Addressed review comments.

seiya marked 4 inline comments as done.Sep 30 2019, 8:17 PM
seiya added inline comments.
llvm/test/tools/llvm-objcopy/MachO/only-section.test
59–60

Removed "without warning" from the comment since the behavior is not so surprising.

llvm/tools/llvm-objcopy/MachO/MachOConfig.cpp
22–23 ↗(On Diff #222342)

Now I noticed that comment does not make sense. This TODO is for LLVM code, not GNU objcopy. Rephrased the comment.

llvm/tools/llvm-objcopy/MachO/MachOConfig.h
22–23 ↗(On Diff #222342)

It might be worth a simple comment saying why there's an empty struct. I initially thought it was an incorrect attempt to forward declare it!

Good point! Added a comment.

seiya marked 2 inline comments as done.Sep 30 2019, 8:18 PM
jhenderson accepted this revision.Oct 1 2019, 1:42 AM

I don't know about any Mach-O specific details, but everything else looks good to me. Best get somebody else with Mach-O expertise to confirm.

llvm/tools/llvm-objcopy/MachO/Object.h
42

CannonicalName -> CanonicalName

This revision is now accepted and ready to land.Oct 1 2019, 1:42 AM
seiya updated this revision to Diff 222609.Oct 1 2019, 7:26 AM

Addressed a review comment.

seiya marked an inline comment as done.Oct 1 2019, 7:26 AM
seiya added a comment.Oct 7 2019, 8:31 PM

Friendly ping: I'd like someone who is familiar with Mach-O to review this patch.

seiya added a comment.Oct 16 2019, 1:44 AM

@alexshap Could you review this patch? It's accepted but I'd like someone who's familiar with Mach-O to confirm (a ping in case you missed changes in this patch).

alexander-shaposhnikov added inline comments.
llvm/tools/llvm-objcopy/CopyConfig.cpp
429

khm, maybe there is a named constant for this ? (somewhere in llvm::MachO:: )

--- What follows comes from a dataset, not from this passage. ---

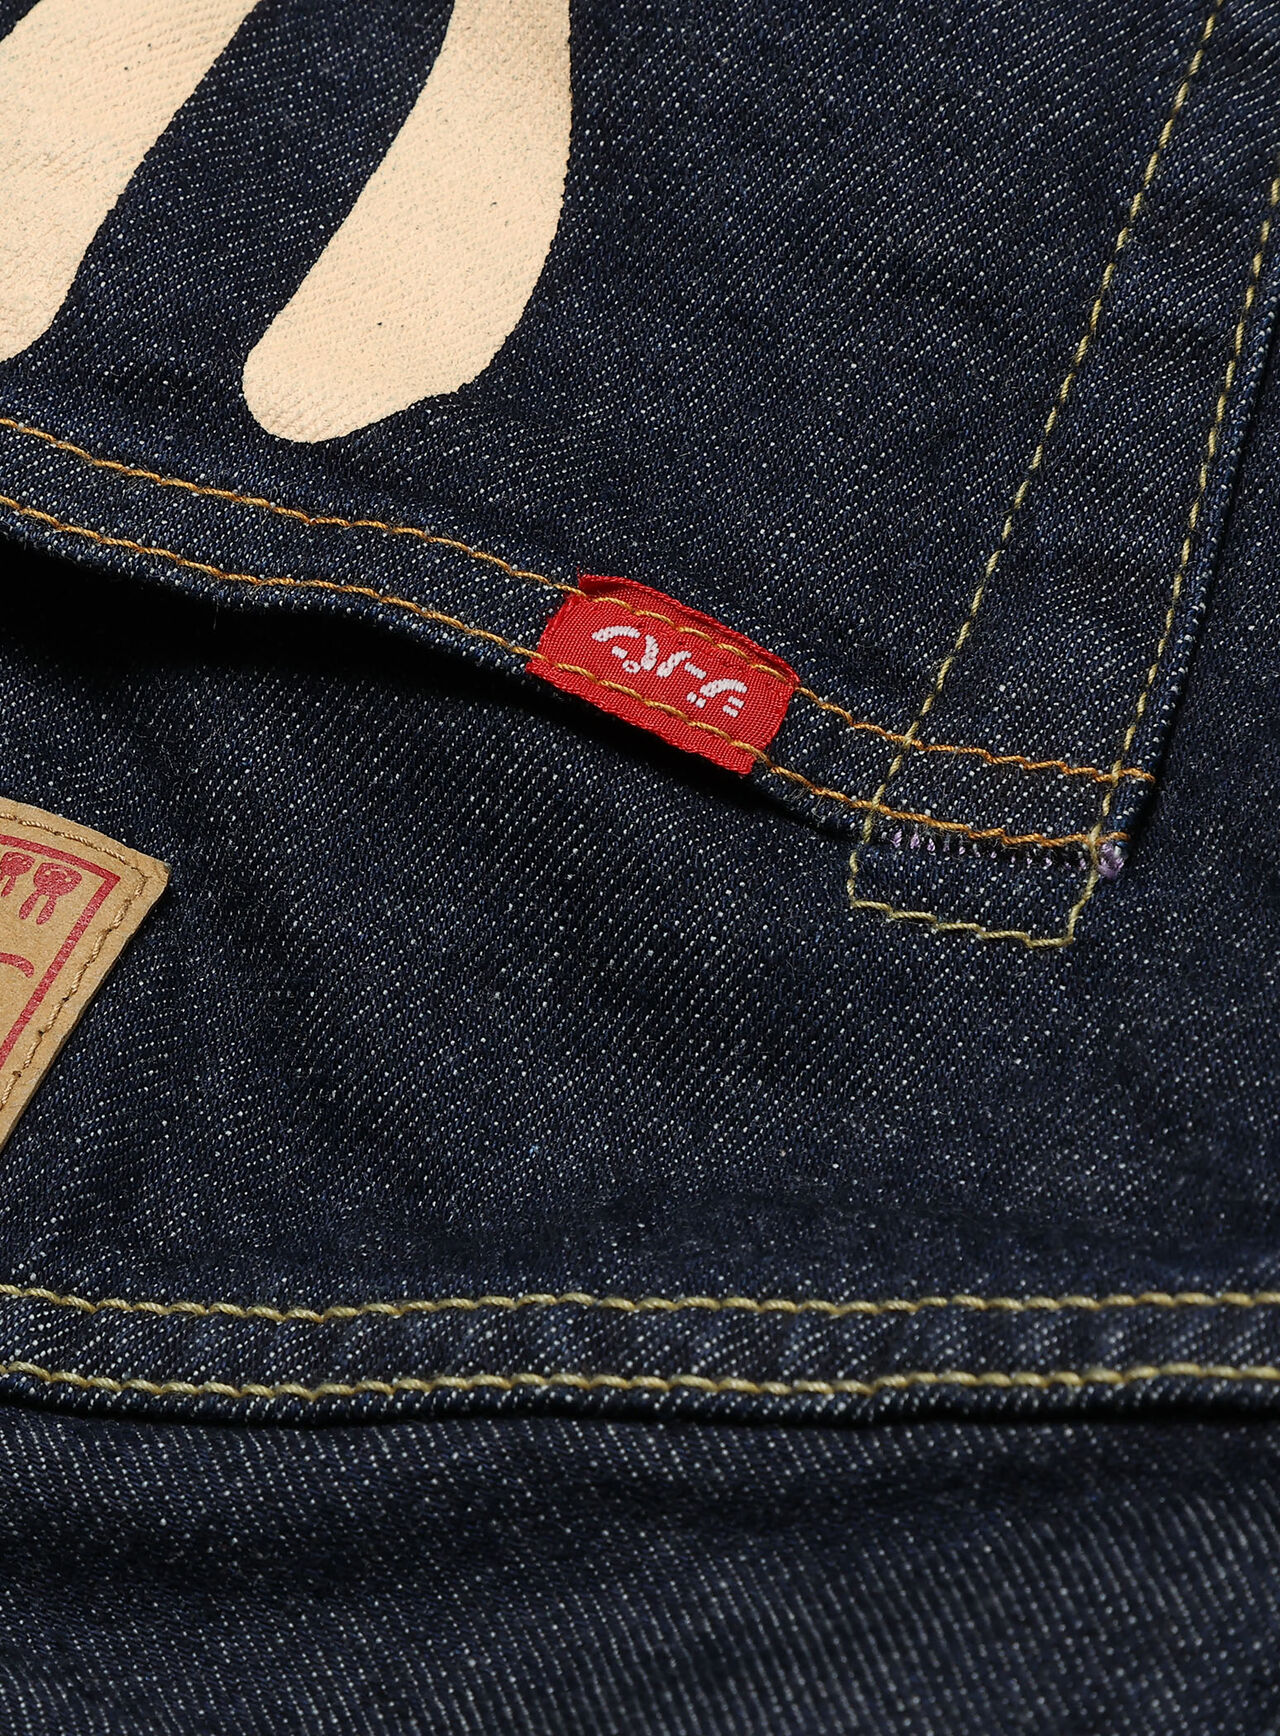 jeans - crotch 22-U2,M, large image number 5

@seiya - thanks for all your work, I'm wondering - can you commit this change / is there anything blocking this diff ?

seiya marked 2 inline comments as done.Oct 16 2019, 6:55 PM

Thank you for your review!

In D65541#1711938, @alexshap wrote:

@seiya - thanks for all your work, I'm wondering - can you commit this change / is there anything blocking this diff ?

There're no diffs that blocks this patch. I'll commit this patch along with D66280 and D66281.

Other Mach-O support patches for llvm-objcopy needs addressing some review comments. I'll let you know once I update them.

llvm/tools/llvm-objcopy/CopyConfig.cpp
429

I've git-grep'ed through llvm::MachO and lld but there were no constant for it (lld hard-codes the value).

seiya updated this revision to Diff 225551.EditedOct 17 2019, 6:02 PM
seiya marked an inline comment as done.

Before committing this patch, I noticed that we need to consider how llvm-objcopy should handle wildcards in Mach-O support.

First I thought that validating the segment/section names would be helpful for users, for example:

$ llvm-objcopy llvm-objcopy --only-section __text foo
error: invalid section name '__text' (should be formatted as '<segment name>,<section name>')

However, the validation (check that the option value is formatted as <segment name>,<section name>) does not make sense when taking into account wildcards. In GNU objcopy, it seems it does not care about the segment/section name separator (.) at all. In the following example, GNU objcopy accepts both __TEXT* and __TEXT.* and outputs identical outputs.

$ gobjcopy llvm-objcopy --only-section '__TEXT*' foo foo2
$ gobjcopy llvm-objcopy --only-section '__TEXT.*' foo foo3
$ cmp foo2 foo3
$ echo $?
0

In this change, I've removed the validation to support the GNU objcopy's wildcard behavior for Mach-O objects as described above and added a test case for wildcard.

seiya added a comment.Oct 25 2019, 2:39 AM

Ping @alexshap (and also @jhenderson and @rupprecht would want to confirm before landing). After this patch got accepted, in order to merge it, I added wildcard support and a test in this diff.

seiya updated this revision to Diff 226404.Oct 25 2019, 3:53 AM

Updated a test.

rupprecht accepted this revision.Oct 25 2019, 2:19 PM

LGTM with the wildcard changes, thanks!

This revision was automatically updated to reflect the committed changes.